From b66f0bc619899509131ed6762766809fc6b762b3 Mon Sep 17 00:00:00 2001
From: netan-sa <netan.mangal@secureagentics.ai>
Date: Mon, 15 Jun 2026 22:22:27 +0200
Subject: [PATCH 3/5] Fix: remove double-gating

---
 sdk/adrian/__init__.py             | 200 ++++++++++++++++++++---------
 sdk/adrian/ws.py                   |  41 ++++--
 sdk/tests/test_block_mode.py       |  29 +++--
 sdk/tests/test_block_mode_races.py |  22 ++--
 sdk/tests/test_exec_modes.py       |   2 +-
 5 files changed, 201 insertions(+), 93 deletions(-)

diff --git a/sdk/adrian/__init__.py b/sdk/adrian/__init__.py
index 1b55d83..e50ddda 100644
--- a/sdk/adrian/__init__.py
+++ b/sdk/adrian/__init__.py
@@ -799,7 +799,46 @@ async def patched_astream(
     logger.debug("Patched Pregel.invoke / ainvoke / astream")
 
 
-# --- 5. ToolNode (callback injection only — gate is on BaseTool) ---
+# --- 5. ToolNode ---
+
+
+def _extract_tool_calls(
+    state: dict[str, Any] | list[BaseMessage] | Any,
+) -> list[dict[str, Any]]:
+    """Extract tool_calls from ToolNode input (all three dispatch shapes).
+
+    Returns full tool_call dicts (with id, name, args) for backward
+    compat with tests and callers that need the full shape.
+    """
+    # Shape 3: per-tool-call dict from _afunc dispatch
+    if isinstance(state, dict) and "tool_call" in state:
+        tc = state["tool_call"]
+        if isinstance(tc, dict) and tc.get("id"):
+            return [tc]
+        tc_id = getattr(tc, "id", None)
+        if tc_id:
+            return [
+                {
+                    "id": tc_id,
+                    "name": getattr(tc, "name", ""),
+                    "args": getattr(tc, "args", {}),
+                }
+            ]
+        return []
+
+    # Shape 1/2: state dict or message list
+    if isinstance(state, dict):
+        messages = list(state.get("messages") or [])  # pyright: ignore[reportUnknownVariableType, reportUnknownArgumentType]
+    elif isinstance(state, list):
+        messages = list(state)
+    else:
+        return []
+
+    for msg in reversed(messages):
+        if isinstance(msg, AIMessage) and getattr(msg, "tool_calls", None):
+            return msg.tool_calls  # type: ignore[no-any-return]
+
+    return []
 
 
 def _should_halt(verdict: pb.Verdict) -> bool:
@@ -840,26 +879,6 @@ def _patch_tool_node() -> None:
     original_ainvoke = ToolNode.ainvoke
     original_astream = getattr(ToolNode, "astream", None)
 
-    def _extract_tool_call_ids(state: Any) -> list[str]:  # noqa: ANN401
-        """Extract tool_call_ids from ToolNode input (any shape)."""

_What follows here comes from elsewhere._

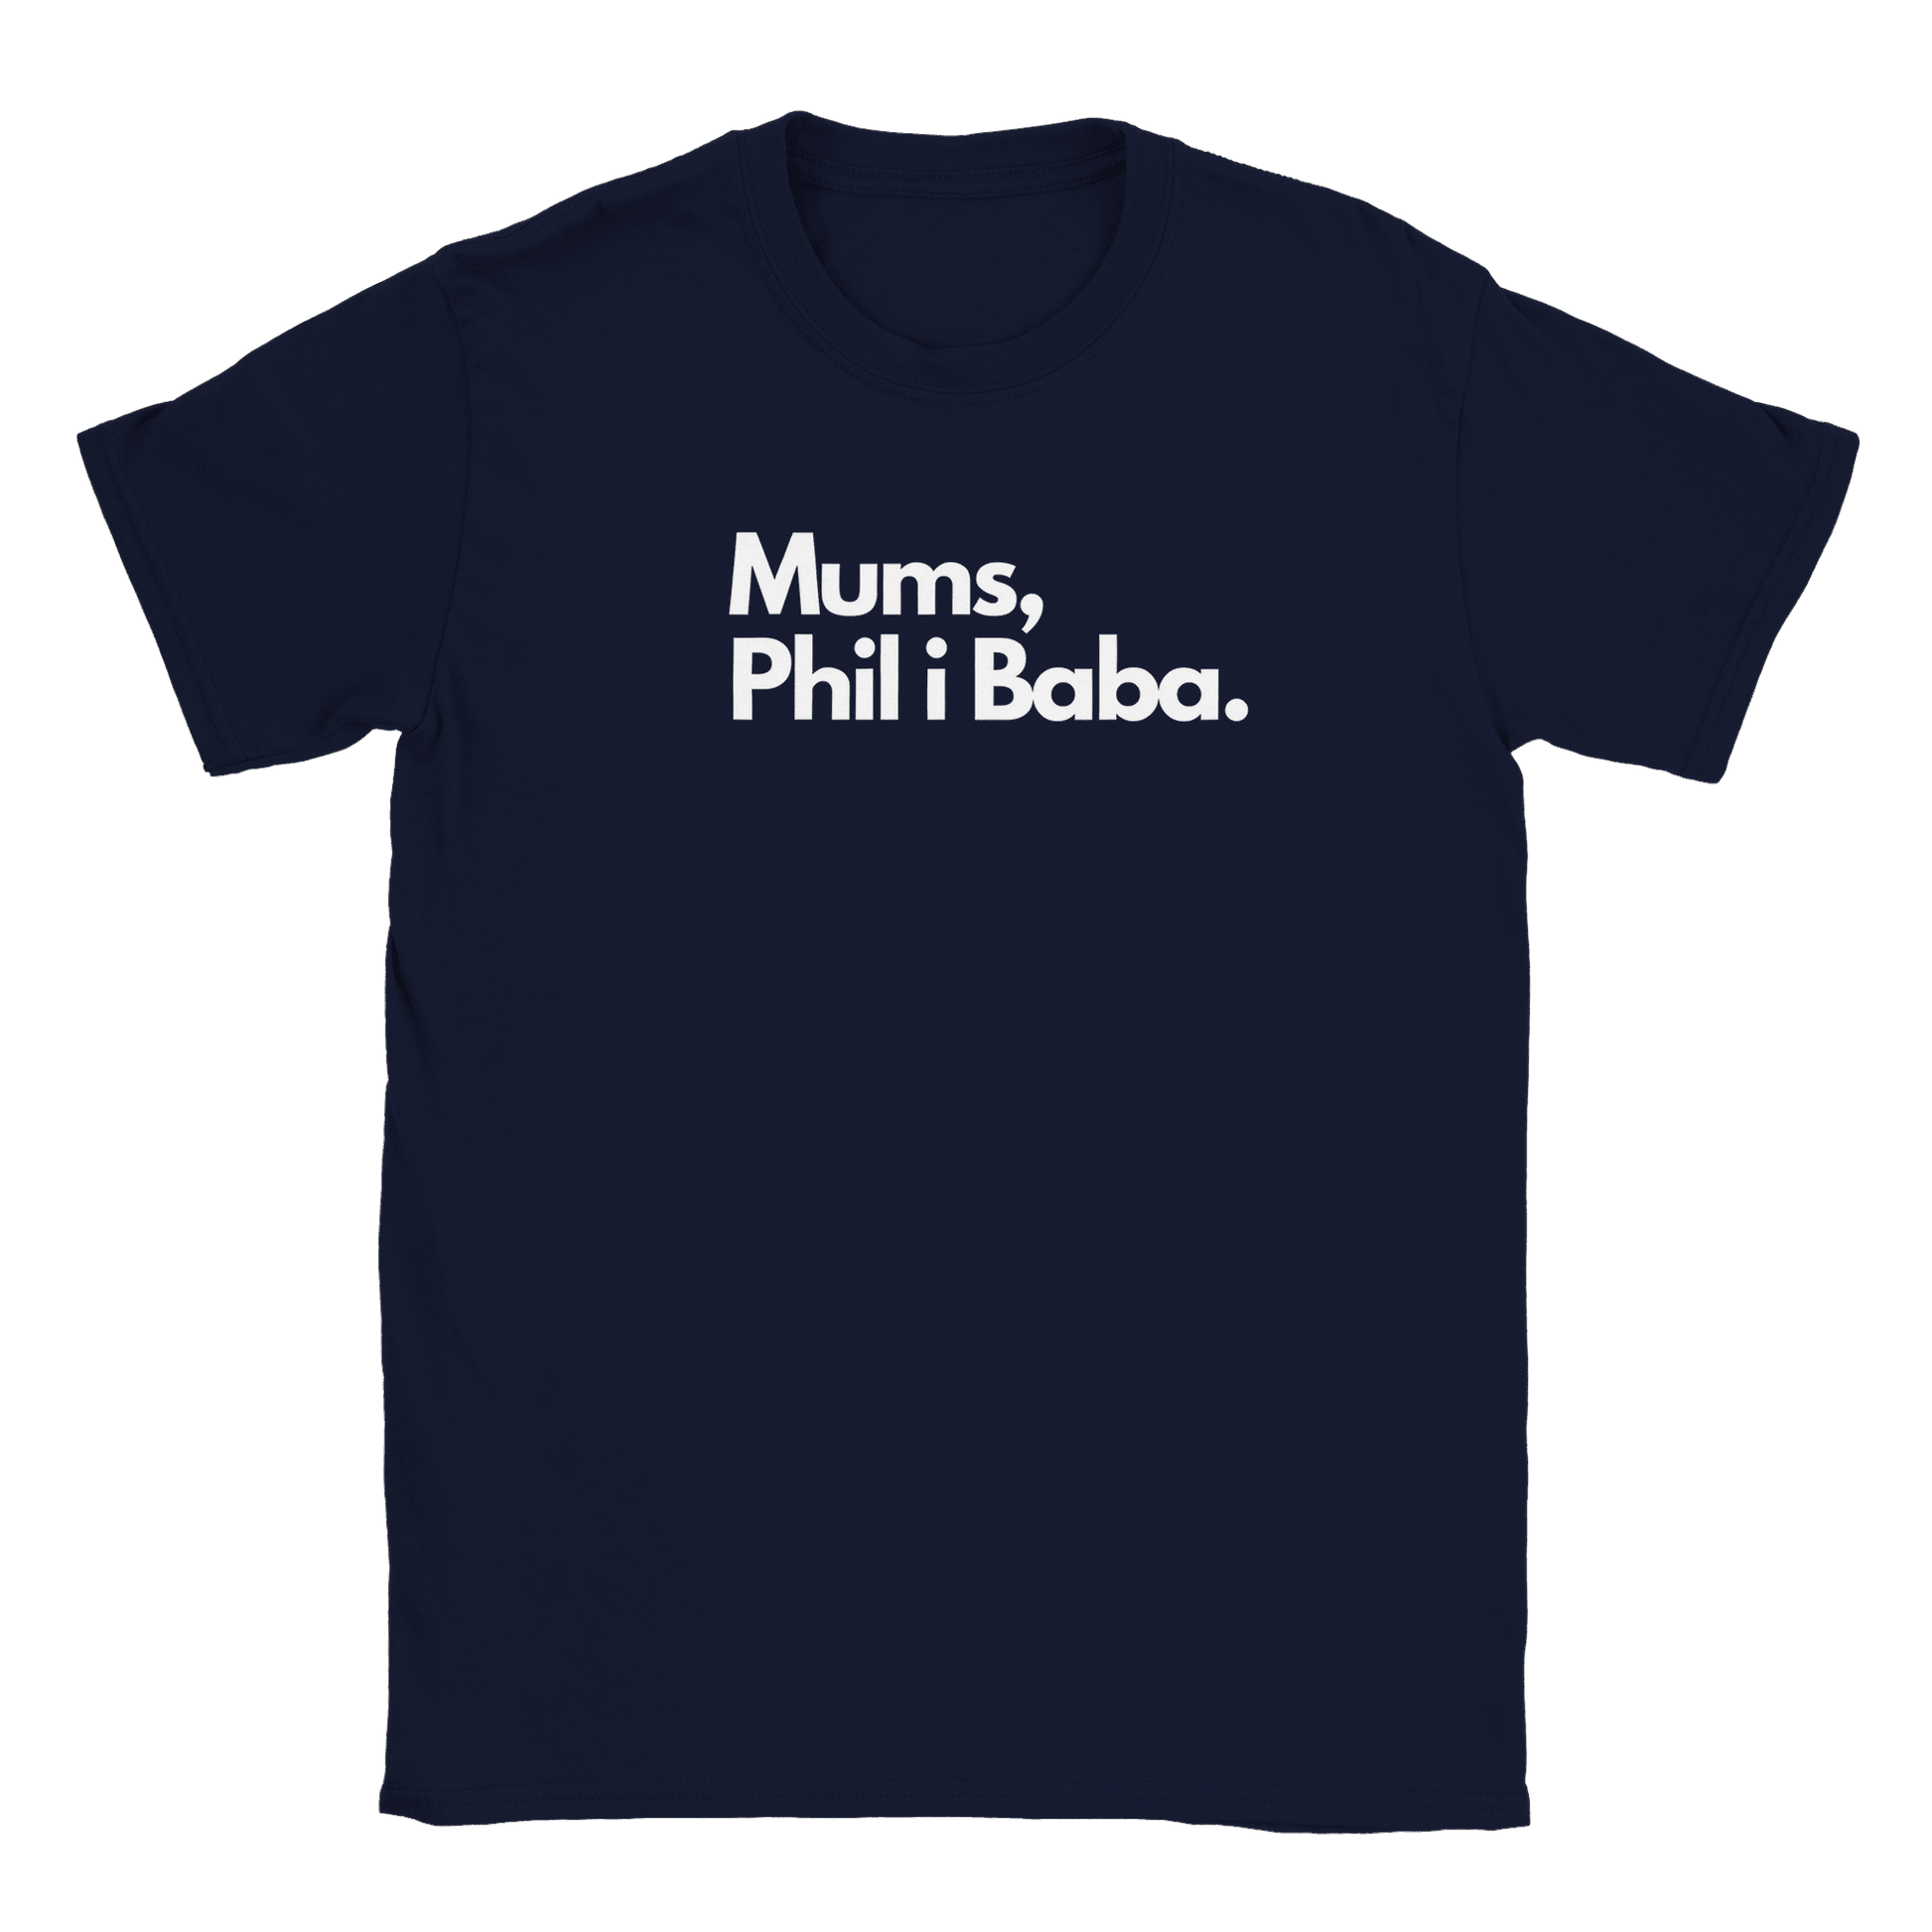 Mumsfilibabba - T-shirt Navy

-        # Shape 3: per-tool-call dict from _afunc dispatch
-        if isinstance(state, dict) and "tool_call" in state:
-            tc = state["tool_call"]
-            tc_id = tc.get("id") if isinstance(tc, dict) else getattr(tc, "id", None)
-            return [tc_id] if tc_id else []
-        # Shape 1/2: state dict or message list
-        messages = (
-            list(state.get("messages") or [])
-            if isinstance(state, dict)
-            else list(state)
-            if isinstance(state, list)
-            else []
-        )
-        for msg in reversed(messages):
-            if isinstance(msg, AIMessage) and getattr(msg, "tool_calls", None):
-                return [tc.get("id") for tc in msg.tool_calls if tc.get("id")]
-        return []
-
     async def _gate_tool_calls(state: Any) -> bool:  # noqa: ANN401
         """Returns True if tools should be BLOCKED."""
         ws = _ws_client
@@ -874,13 +893,14 @@ async def _gate_tool_calls(state: Any) -> bool:  # noqa: ANN401
         if not ws.policy_active():
             return False
 
-        tc_ids = _extract_tool_call_ids(state)
+        tc_ids: list[str] = [
+            str(tc.get("id")) for tc in _extract_tool_calls(state) if tc.get("id")
+        ]
         if not tc_ids:
             return False
 
         cfg = _get_config()
         timeout = ws.block_timeout(cfg.block_timeout if cfg else 30.0)
-        # Gate on the first tool_call_id (all come from the same LLM turn)
         verdict = await ws.wait_for_tool_call_verdict(tc_ids[0], timeout)
         if verdict is None:
             logger.warning("ToolNode: verdict timeout, blocking (fail-closed)")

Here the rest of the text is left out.